Small-group conversations don’t have the same purpose in our lives as broadcasting information, or even reading the news or watching TV. They’re for soothing hurts, recognizing personal successes, assuaging doubts.

The huge forums of social media are often uncomfortable because we haven’t all agreed on what their purpose is. Scholars have called the lumping-together of everyone we know “context collapse,” meaning that the usual separate contexts we do things in (attend religious services, flirt with strangers, care for kids) are suddenly all mixed together. Awkwardly.

It’s important for us all to ask: Are technologies allowing us to speak to different groups of people we know separately, and speak to them in different ways?

One problem with broadcasting on social media is that the careful choices we usually make when speaking publicly can trample all over our need for private spaces with specific purposes. I’ll give you some examples of how this could play out.

We may go one of a couple ways when we broadcast and are at risk of offending people. The first way is the cringeworthy route. We all know people who just go the no-filters route and say whatever’s on their mind, no matter where they are or who’s around.
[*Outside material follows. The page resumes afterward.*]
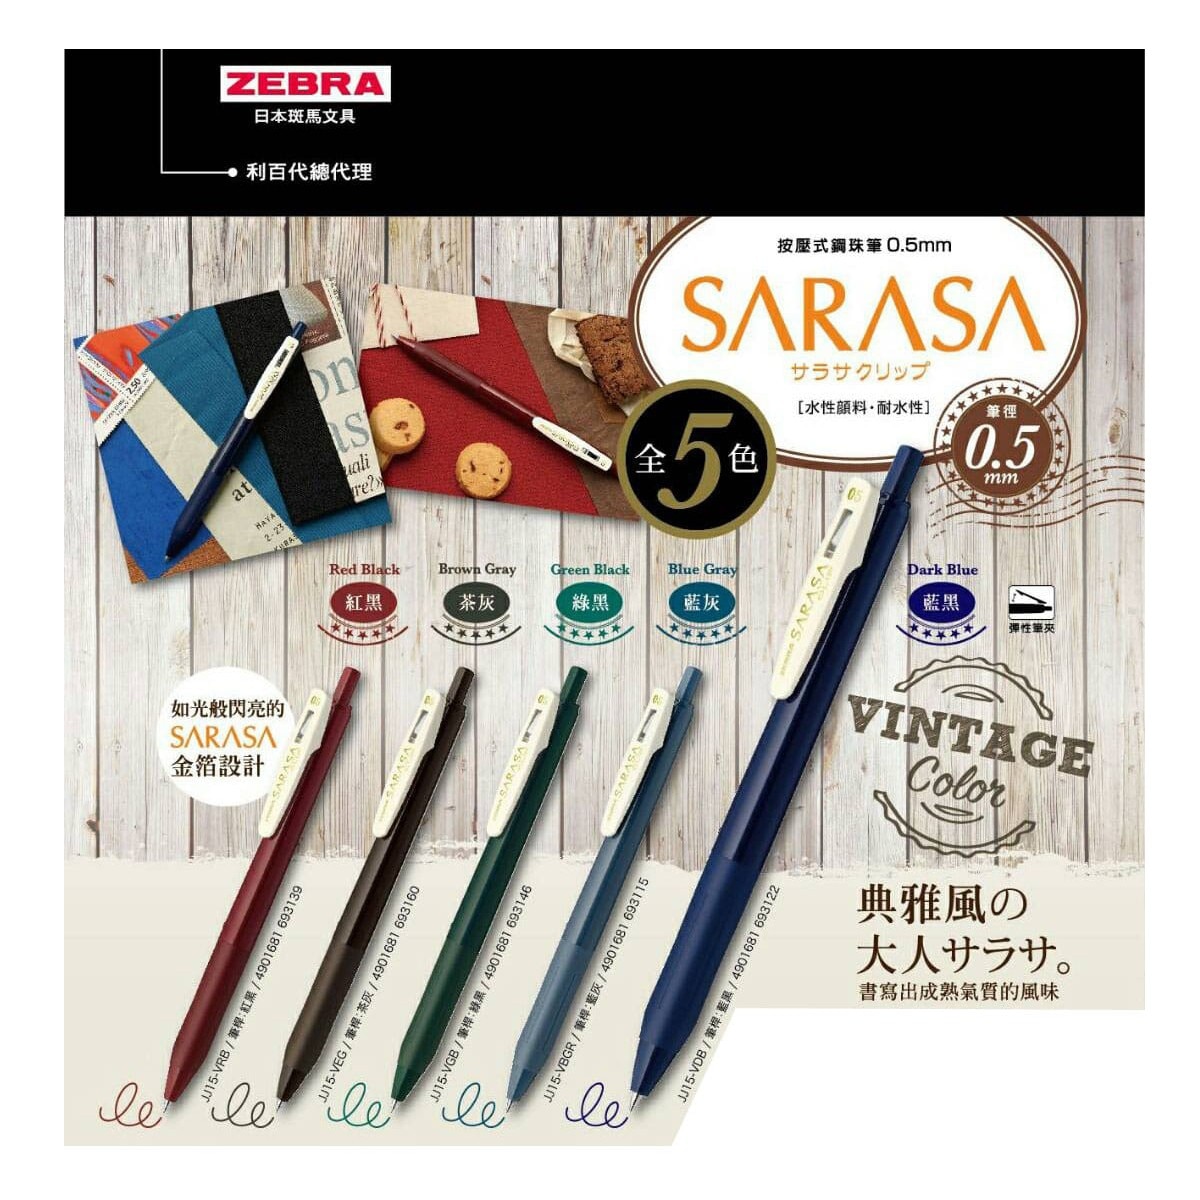 日本斑馬文具 ZEBRA SARASA CLIP 系列按壓式典雅風鋼珠筆0.5mm 5色組 4入，顏料系墨水、耐光耐水，環保商品橡膠握把，多功能筆夾，書寫出成熟氣質的風味。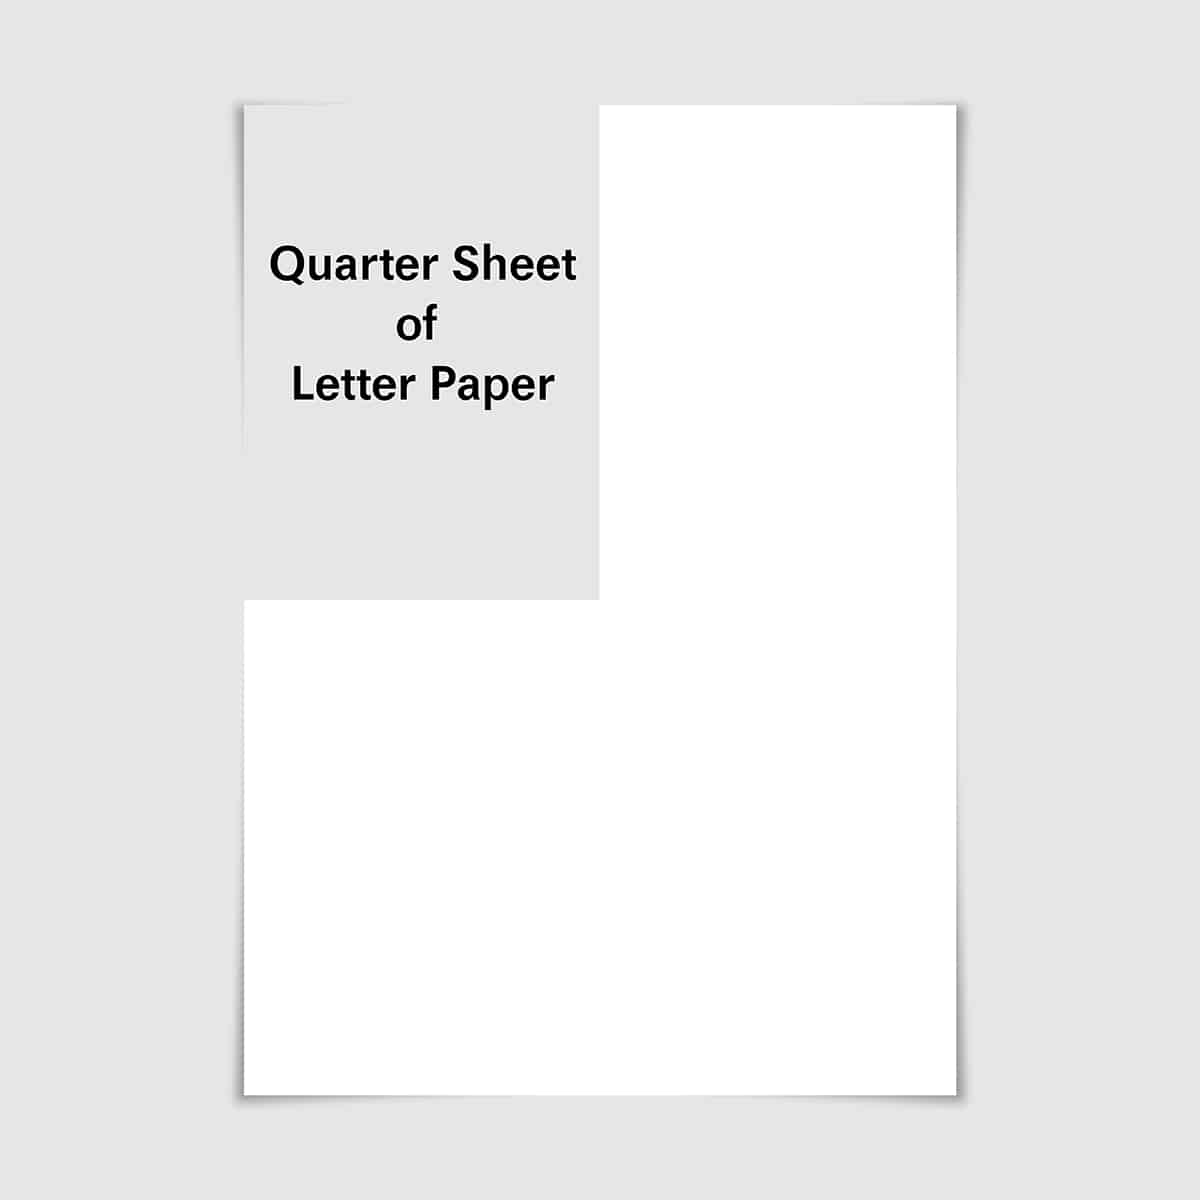 Quarter Sheet of Letter Paper

In some cases, we might admire such people for saying what’s on EVERYONE’S mind—but we don’t always want to be them, because sometimes their mouths get them into trouble.

Or we may take the self-censoring route—the one that TV and radio have traditionally had to take—in broadcasting to a mass audience. And that’s where this gets problematic. Because social media put us out in public, we may not speak up when we’re struggling, worried that our next job or a college recruiter might see and limit our options in life. We may suppress new aspects of our lives we are exploring, like our sexuality or spirituality, which could benefit from talking to supportive others, because we are worried about the response from our church or family. Self-censorship hurts our capacity to grow and heal.